"The wildest, most discordant tracks had the shirts-tucked-into-acid-wash-jeans crowd gurning away."
Let's just start by saying that rock music sounds damn good in the gig room at Plan B Small Club — right up there with the best in Sydney; the Opera House has been having some weird speaker issues of late and Factory/Metro/Enmore are all adequate without being impressive. When you add some really impassioned, talented bands to the mix, you're either going to have a good time or you're a bad person.
Top Lip and Noire were both champions of washed out melancholy; Top Lip were decisively rockier, while Noire lead singer Jessica Mincher's dreamy vocals reached the heights — on a mood-setting level — of acts like Beach House and Mazzy Star.
The Moses Gunn Collective had the crowd in the palm of their sweaty psych-rock hands from the get-go. It's unclear how many of the fairly packed house were family and friends, but they all certainly acted like they'd had a few wild nights out with the group. That could've just been because they nailed it though; everything from the sequin-tinged outfits to the 'nobody's watching' dance moves were in fine form. Bella Carroll earned herself Best In Show with dance moves so flamboyant that it's almost advisable she upgrades to a keytar to give her body a bit more freedom to do its thing — the fact that she had to reach over to hit keys at regular intervals turned out to be a real Milhouse for her dance routine.
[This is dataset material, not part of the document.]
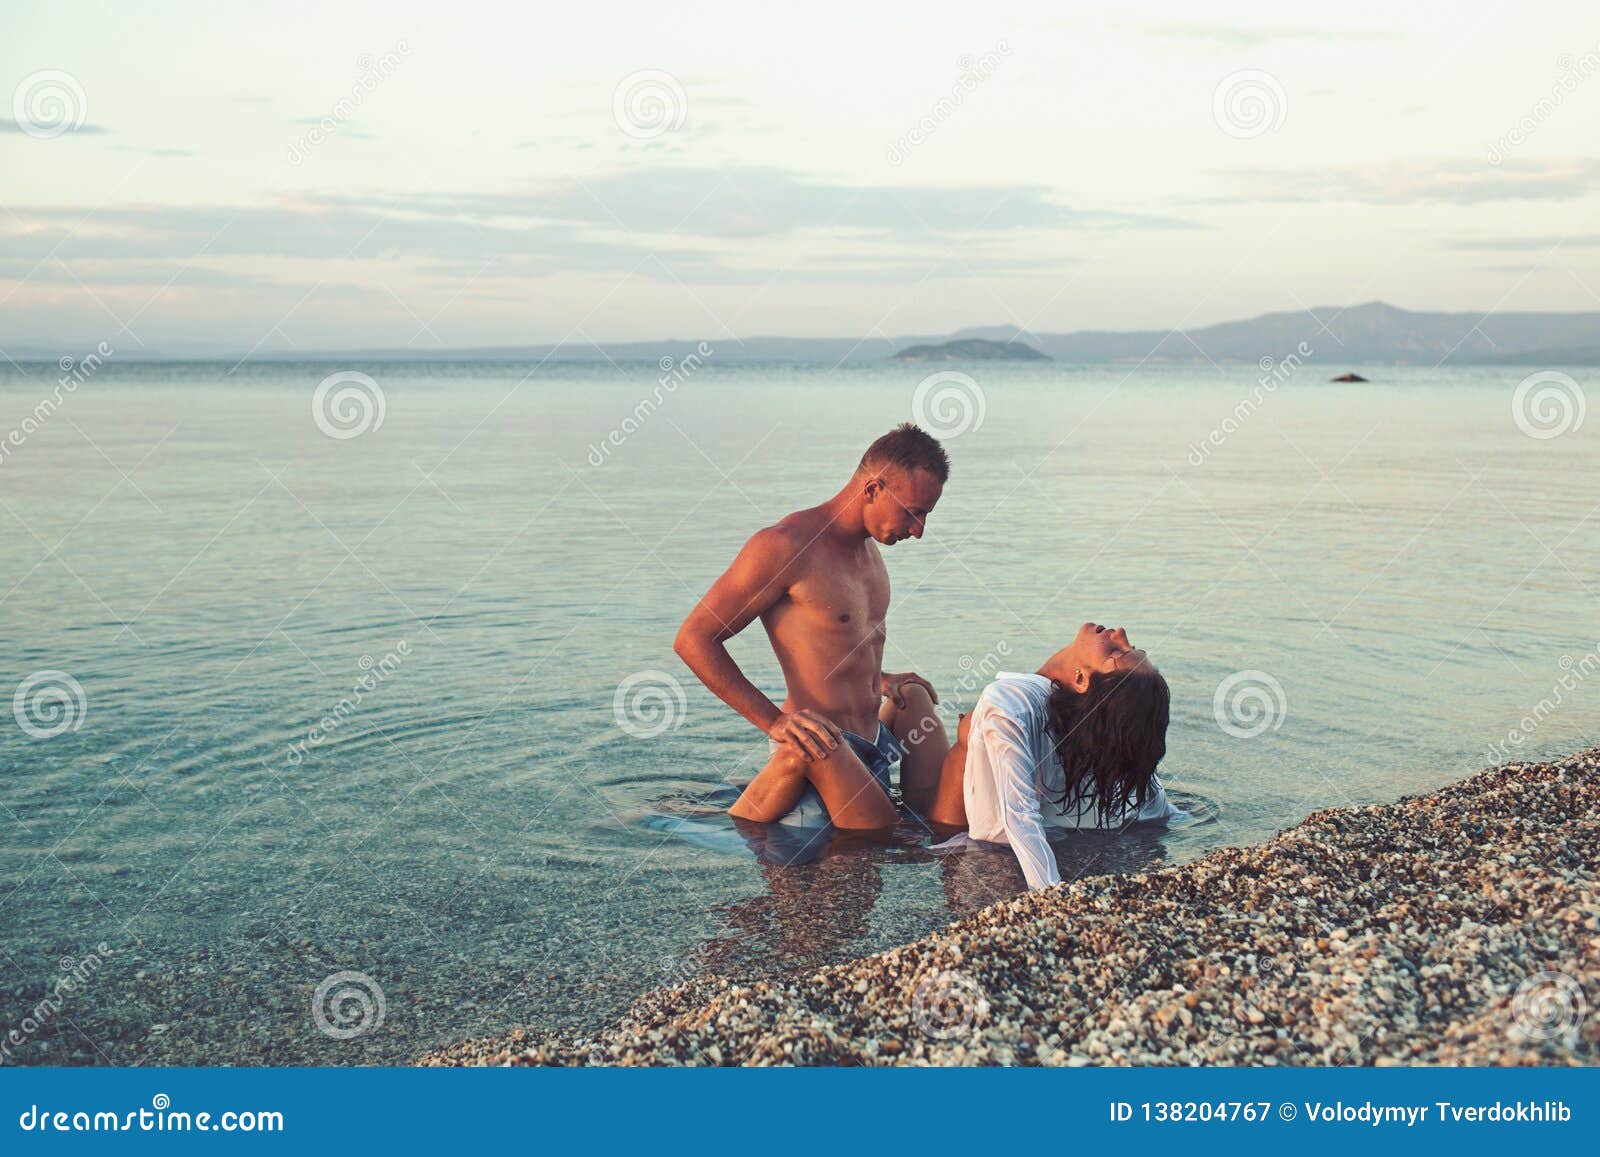 Sex nude beach

From a purely sonic perspective, the tunes that kept a bit more of a cohesive song structure (like the brilliant Shalala) had the biggest impact, yet in terms of keeping the party atmosphere alive, the wildest, most discordant tracks had the shirts-tucked-into-acid-wash jeans crowd gurning away. In a live room this vibrant, and with the crowd so locked-in, the band could've shit in their hands and clapped and it would've been a good night.